At least to that extent, surely these are entirely acceptable areas for ‘support’ of Hamas’s actions and certain specific policies. Needless to say, we should do so without compromising an overall critical stance of its underpinning reactionary nature. Incidentally, the same norms are relevant and so equally applicable to Russia’s (USA-provoked) military actions in Ukraine.

So surely the situation in respect of both Gaza and Ukraine exposes a more generalised flaw on the part of the Weekly Worker/CPGB to draw up lines of thinking that encompass subtly mixed objectives, allowing a slightly looser but still strict stance. That would possibly lead to a far more effective organisation - one that would be far more appealing, and with a distinctly less isolated image.

In addition to ‘minimum-maximum’ demands, alongside sensibly implemented rules for a fully connected membership, there needs to be democratic-centralist, open debate, allied not to mere cyclical reinforcement of long-held tenets, but rather to dynamism: to learning, growth, evolutionary adaptation - indeed, to a psychic/spiritual expansion.

Bruno Kretzschmar
Email

Humble bragging

Caitriona Rylance likes to parade her humility (Letters October 26). Apart from that she has little or nothing to say. Empty phrases aplenty about communist unity, true, but nothing worthwhile.

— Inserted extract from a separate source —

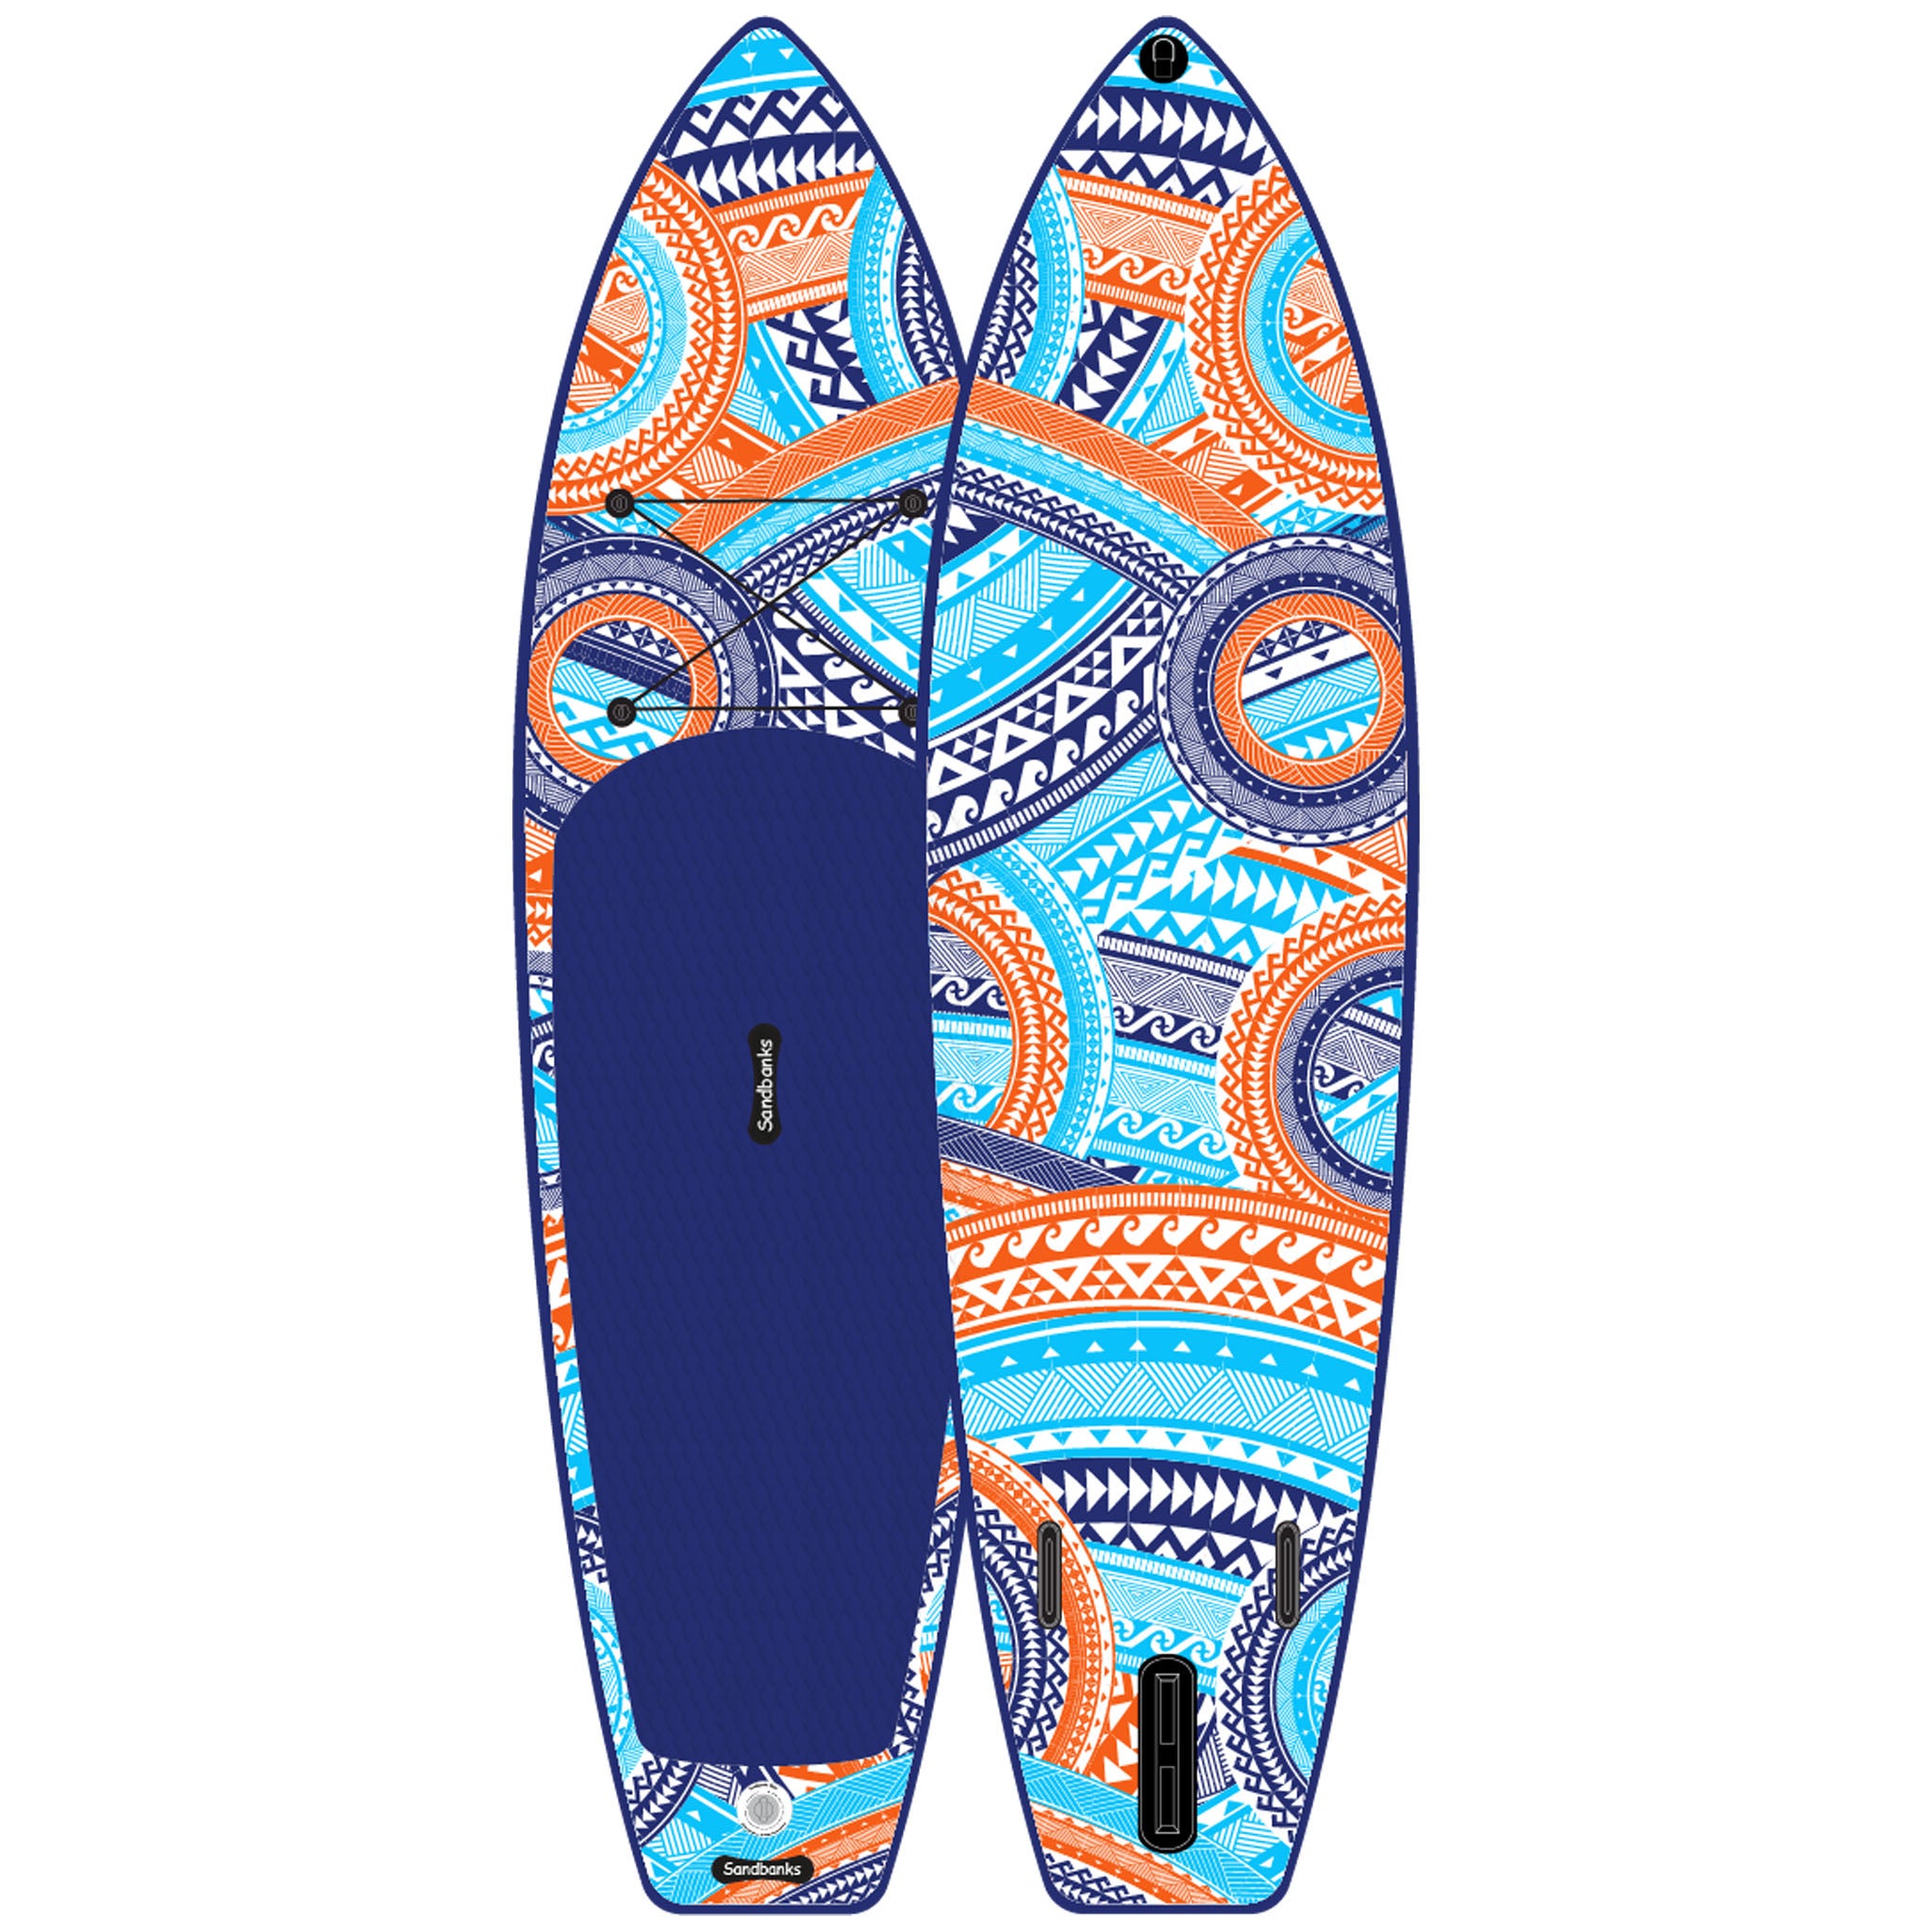 Sandbanks SUP Ultimate Art 10' 6" iSUP Paddle Board - Maui
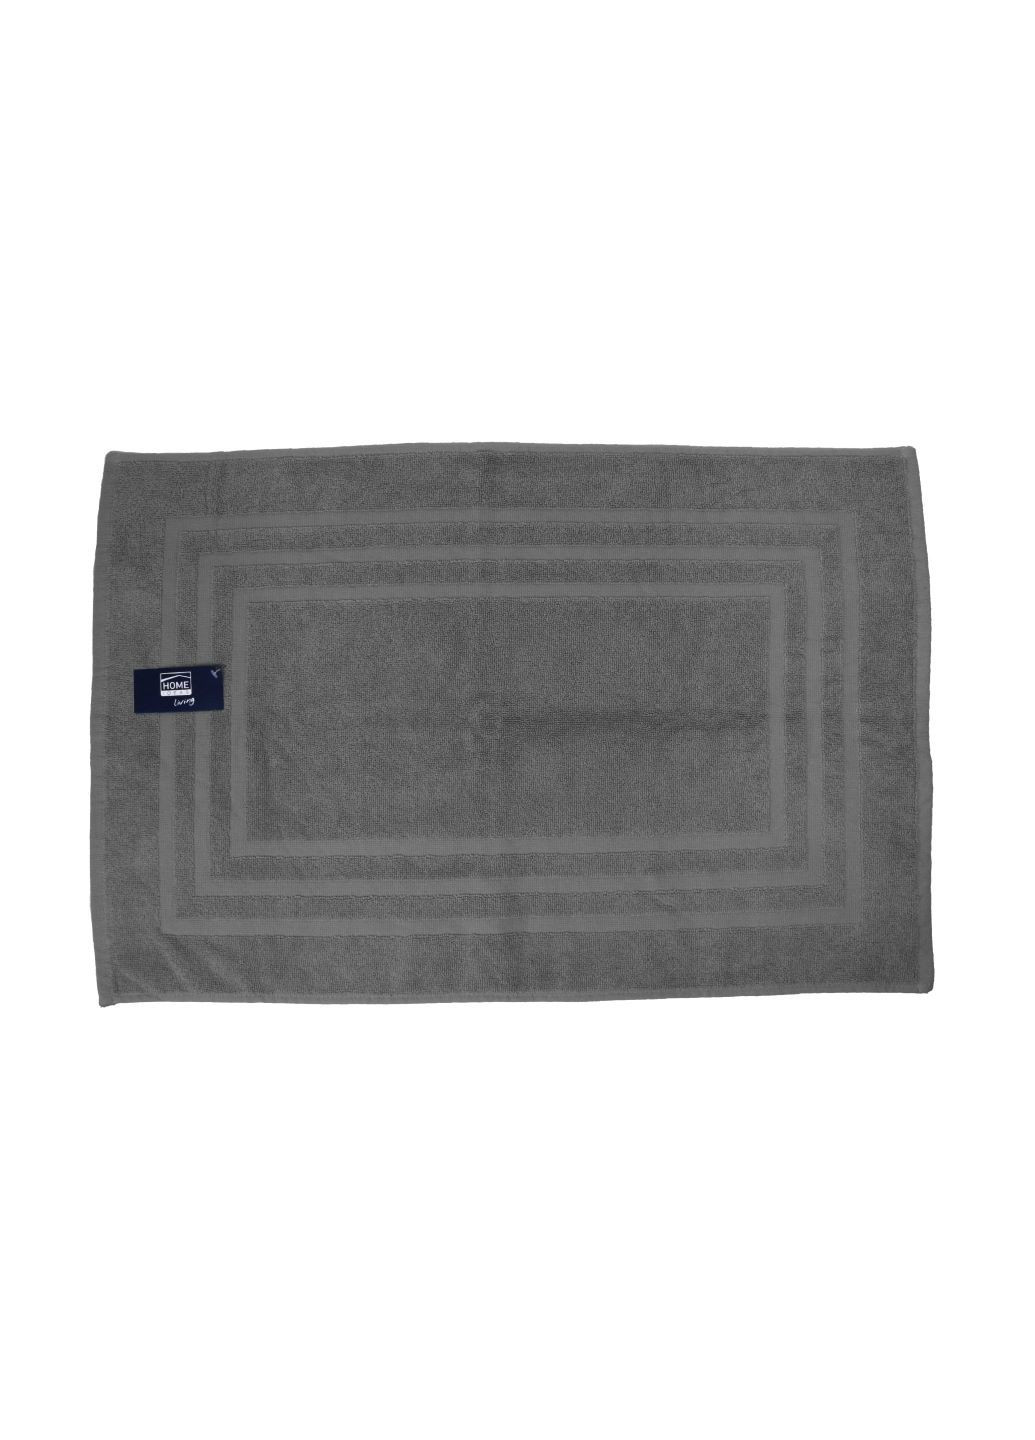 Home Ideas набор полотенец-ковриков махровых 2 шт 50х75 см серые серый производство - Германия

She does, though, accuse me of not wanting to “engage”. Well let’s leave aside my numerous articles on communist unity dating back to the first issue of The Leninist in 1981, over the last few weeks I have written one article ‘Getting in touch’ and two letters on the subject.

It would seem therefore that I am more than willing to engage, it’s just that I don’t engage in the way she wants.

Jack Conrad
London

Polemic or fact

In his report of the CPGB aggregate of October 22, James Harvey accuses me of “opportunism on the organisation question” (‘Opportunism in matters of organisation’, October 26). Apparently my straightforward proposal for clarity on the manner in which party dues operate was an attempt to “excuse those who want an excuse for those not wanting to commit themselves”. I am also reported as having “denounced the intolerant and political style of some leading members. Jack Conrad in particular was singled out.” The report then suggests that I argued for all barriers to membership to be removed.

I listened back to the recording of the meeting, which was useful in confirming what was actually said, rather than the words Harvey put in my mouth in his efforts to accuse me of trying to liquidate organisational principle and discipline.

Firstly I explained that my proposal for clarity was made because of confusion as to how the 10% dues requirement of membership actually operates. This was grist to the mill of some who wanted to undermine comrades joining. Then Jack Conrad wrote to Gerry Downing on two occasions to assure him that dues for unemployed and student members were nominal. I did not know this fact, and I can say with conviction that some other members did not know either. So I sought clarification from the PCC. A basic democratic request, I would have thought.

I did not denounce the style of some leading members. I accused Jack Conrad of being overly defensive in his dealings with ex-members who regurgitate our politics in broad-front groups. I said that I thought we should rewin these comrades politically, and he should be more patient with them. I have been a member or associate member of this organisation for more than 30 years. Conrad is fully aware of my respect for his political leadership, but not always his style. This does not amount to me trying to create some kind of cosy consensus. It is me saying what I think, and being a bit sharp.

Finally I did not say we should drop all barriers to membership. I said all unnecessary barriers. I know - I checked. I was not the only one who argued that we need to make a greater effort to recruit. I did say that all communists should be in the CPGB. I said that, because I want the organisation to grow and become a pivotal pole of attraction.